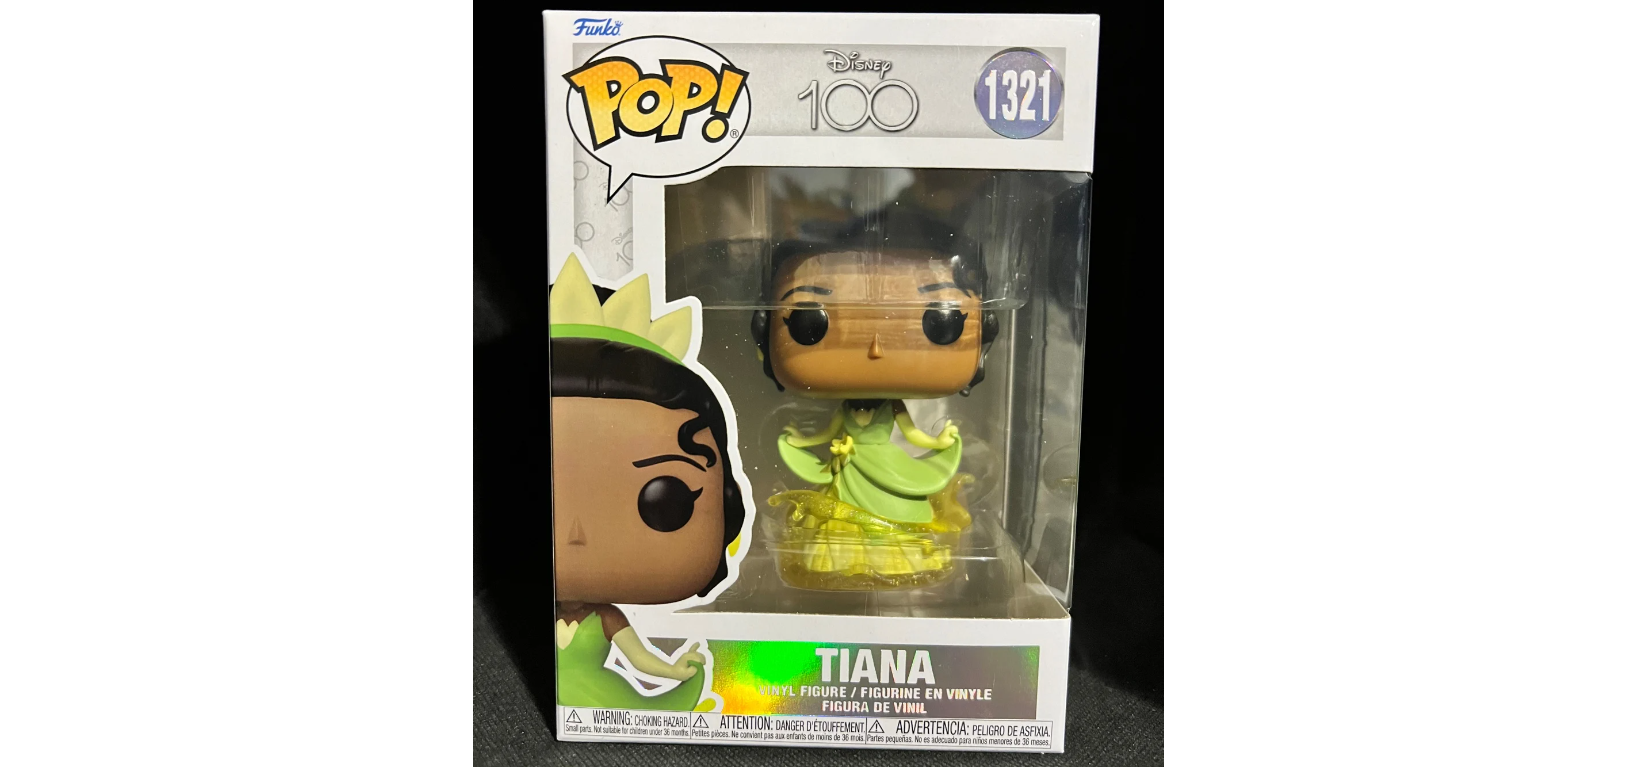 Funko Pop! The Princess and the Frog - Tiana Ultimate Disney Princess
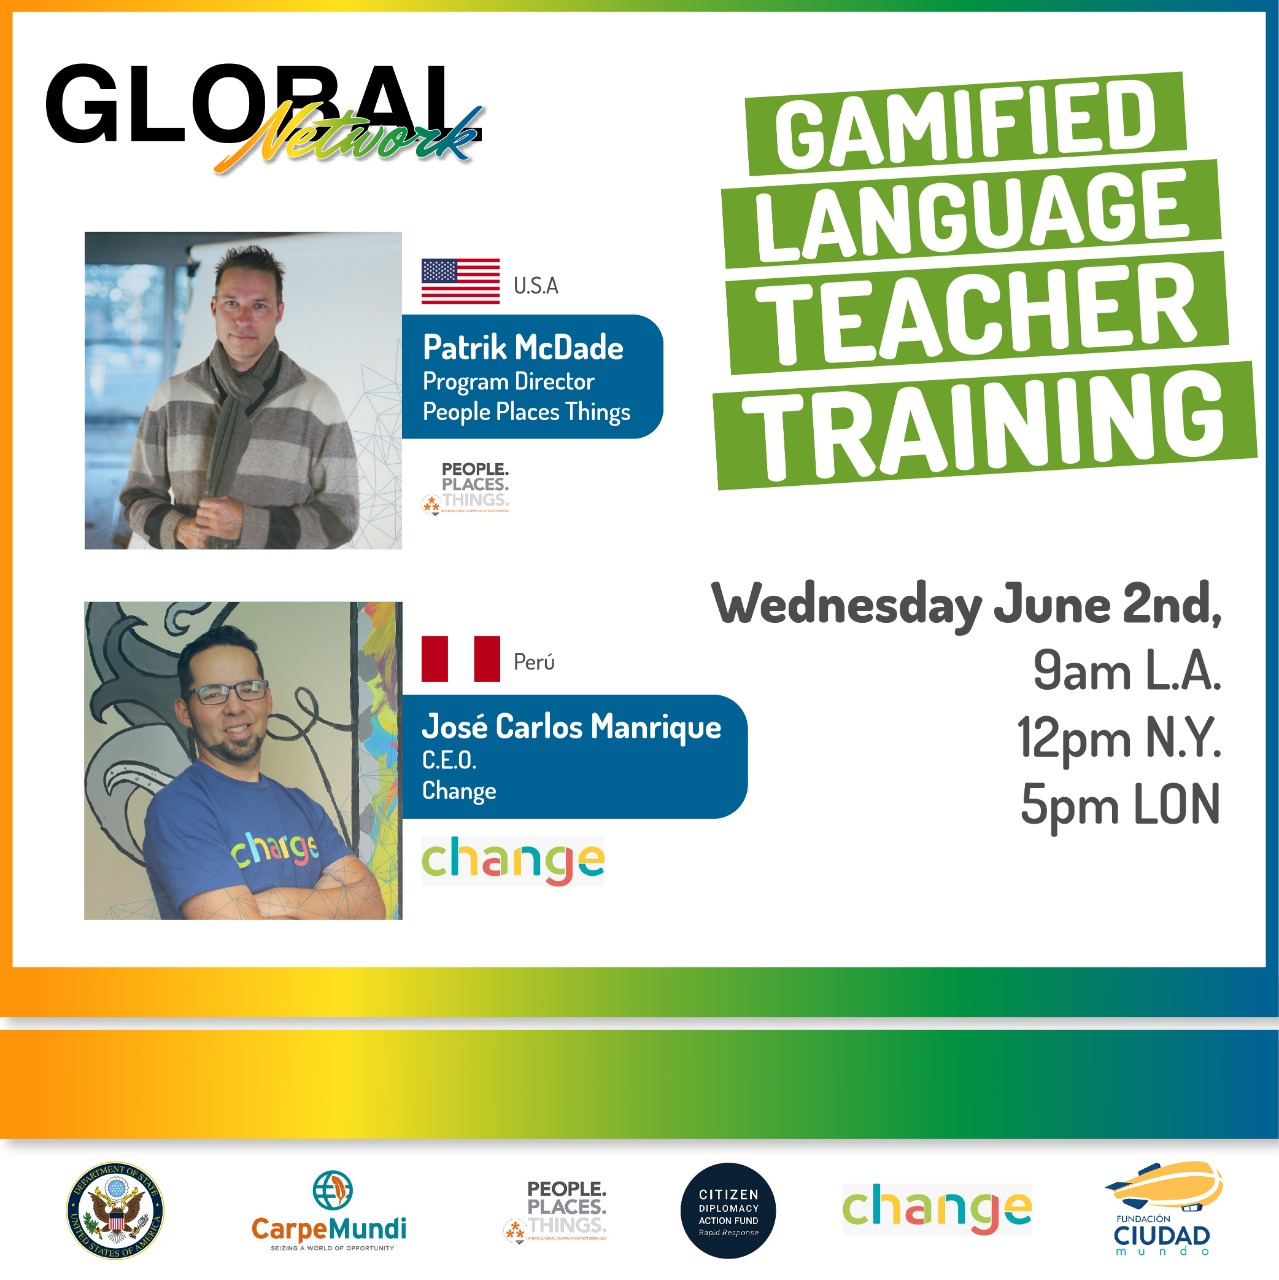 Global Network organiza el taller “Gamified Language Teacher Training”
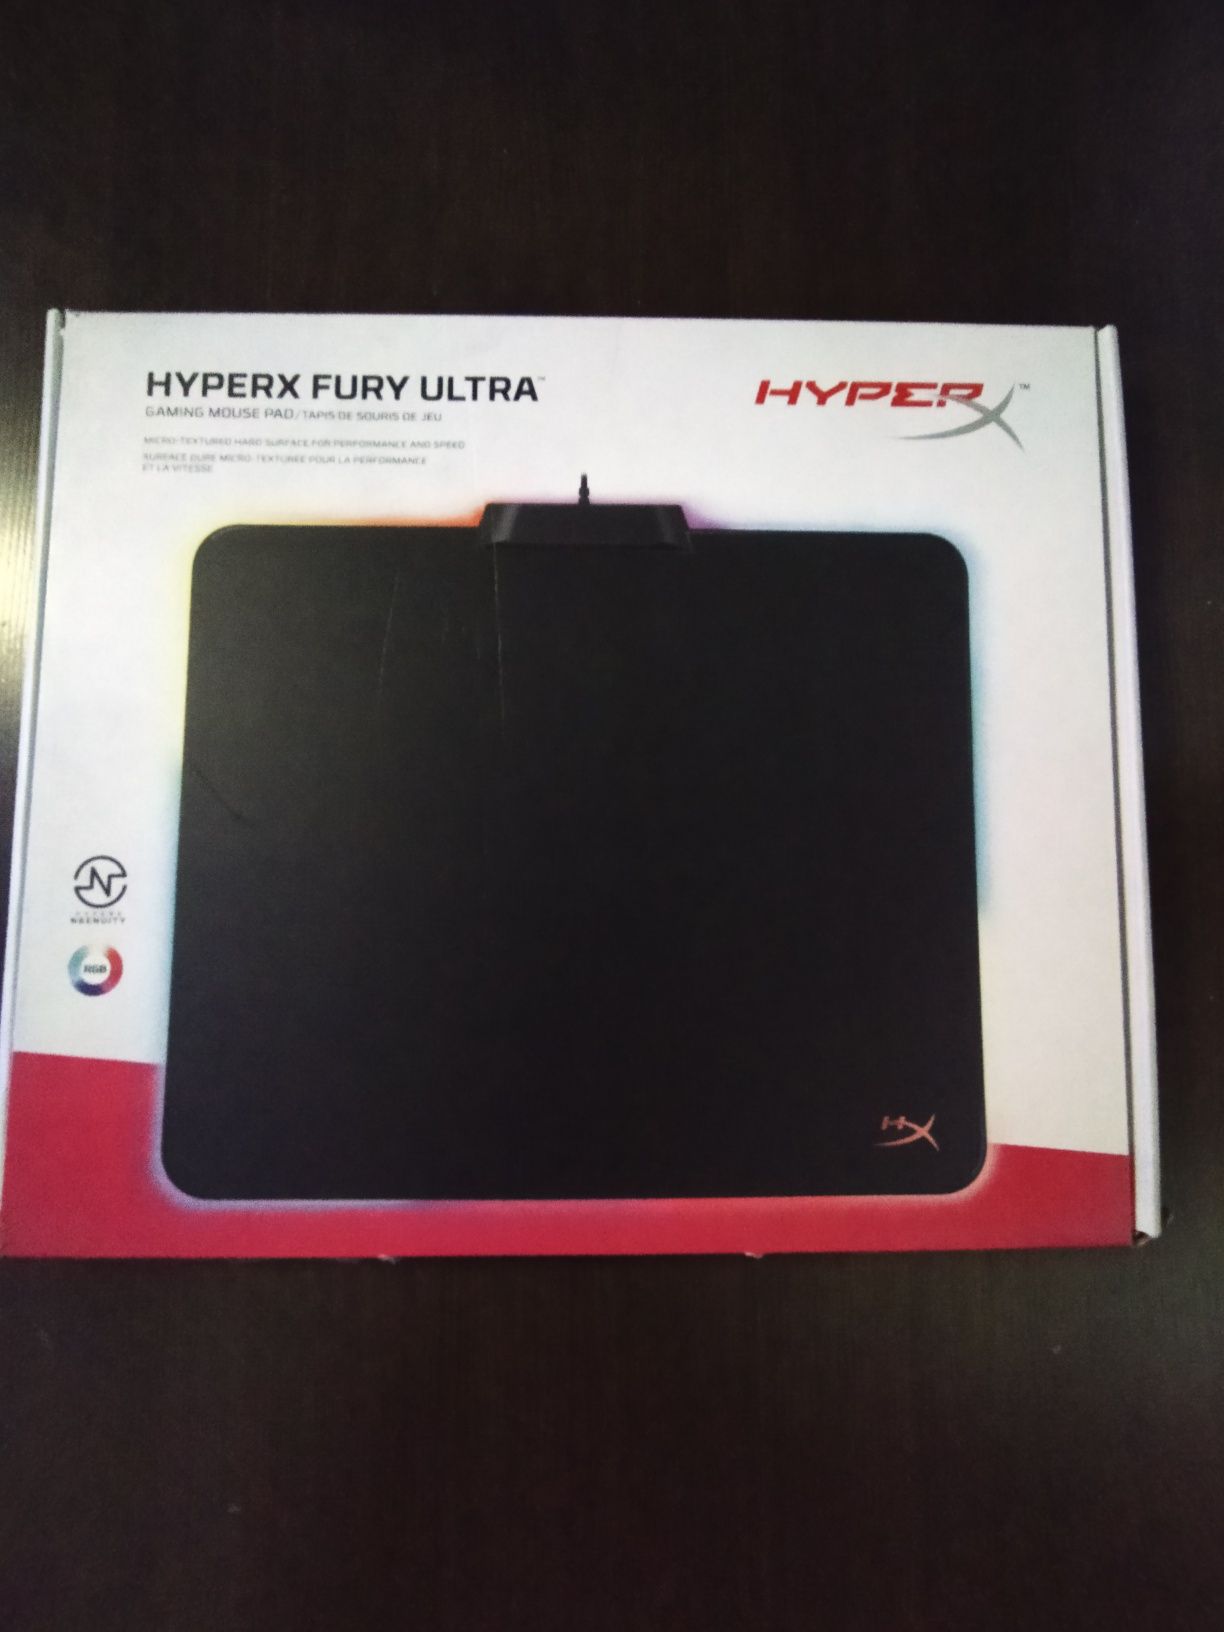 Mouse pad Hyperx Fury Ultra
************
### WHAT YOU SHOULD DO
This task calls for an exact copy of the data above, without pictures.

### EXERCISE OUTPUT
 Funko Pop! The Princess and the Frog - Tiana Ultimate Disney Princess
 Global Network organiza el taller “Gamified Language Teacher Training”
 Mouse pad Hyperx Fury Ultra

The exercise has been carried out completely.